I had such fun asking all the ladies to be my bridesmaid...'forever'. I asked a few men to be my groom but I had no takers.

Click this here link to my photobucket page.
Forever a Bride 2012


----------



## RoxyBlue (Oct 6, 2008)

You look fabulously creepy, dahling:jol:


----------



## Dixie (Feb 18, 2009)

OMG Carolyn you look horrible!! In a good way! But it makes me need to go have coffee with you today to make sure you are your gorgeous self again!! LOL

Love the theme, I bet you were creeping the heck out of kids, then having to chase them down the street to give them candy. Excellent year!!!


----------



## scareme (Aug 29, 2006)

I love this idea! I've never seen anything like it before. You looked properly creepy, I'm really surprise you didn't snag a groom that night. The dress was beautiful, even with the blood.


----------



## Wispurs (Oct 9, 2012)

2 thumbs up!


----------



## Hairazor (Mar 13, 2012)

That was sooo much fun to look at! Great idea!


----------



## Pumpkin5 (Aug 8, 2010)

:jol:Carolyn, you were so "in character", the video was just great. The creepy music, your desperate and deranged muttering, you could win an Oscar! Very convincing and creative, you should act on stage.  I love the set scene, I can't believe it was all so last minute. Very creative and creepy!


----------



## Headless (Sep 4, 2011)

LOL I'm glad I didn't go knocking on your door that night - that would have creeped me out for sure!!!!! Great job!


----------



## Haunted Bayou (Feb 16, 2007)

Oh wow ... Thanks so much for the positive feedback. I wish I had thought to shoot a photo of me next to the bed.

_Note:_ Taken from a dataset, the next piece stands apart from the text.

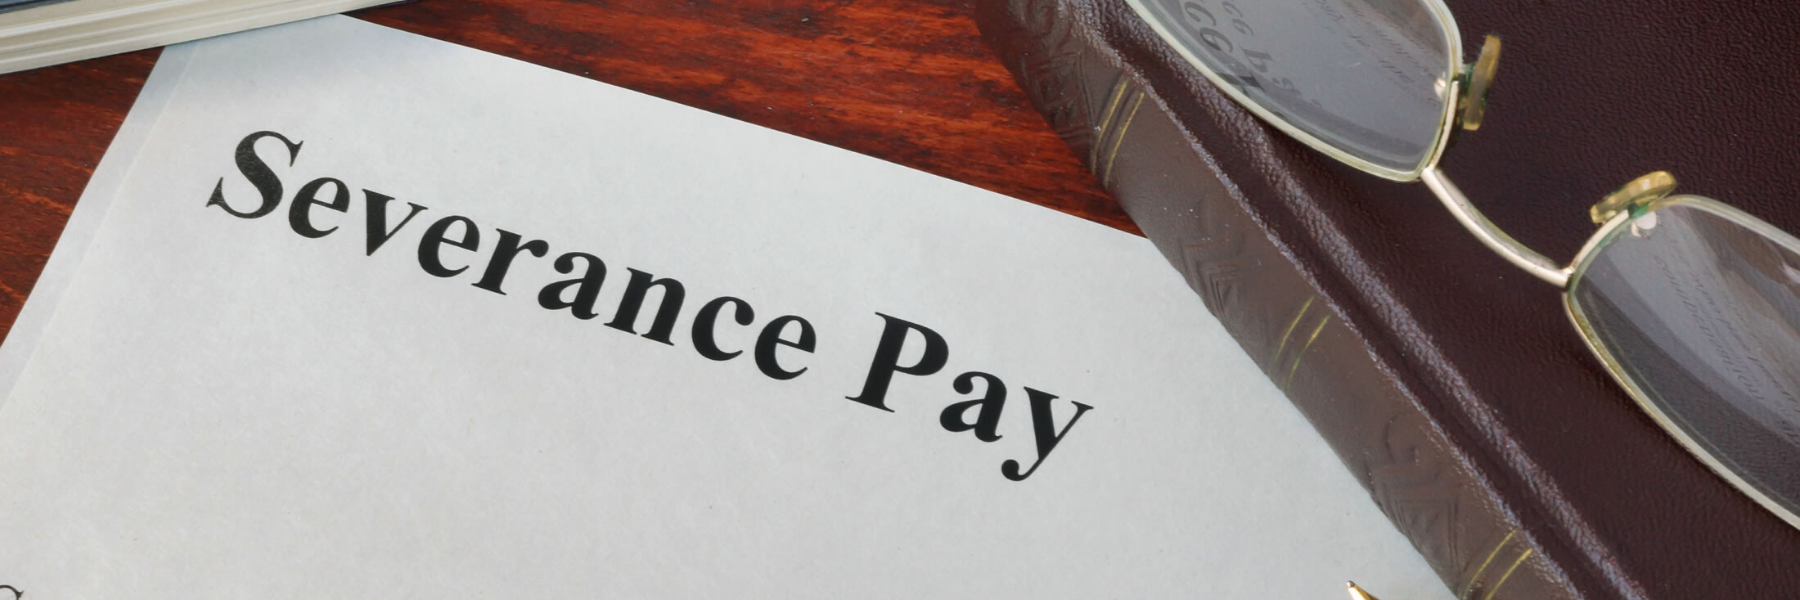 S3170 severance pay law enacted in New Jersey

People's reactions were great fun to experience. I would follow them down the driveway or go to the vehicles and talk about being a bride forever. Kids were asking me wear my husband was . I had a book light clipped into my flowers to uplight my face, which looked really creepy. The batteries didn't last since it was a year old but it was good while it lasted. 

I wish I had a fake knife for the few who agreed to be my bridesmaid. I could have pulled it out and said, "thank you".
Thanks again for the great comments.


----------



## darkrosemanor (Oct 7, 2008)

Creeeeeeeeepy!


----------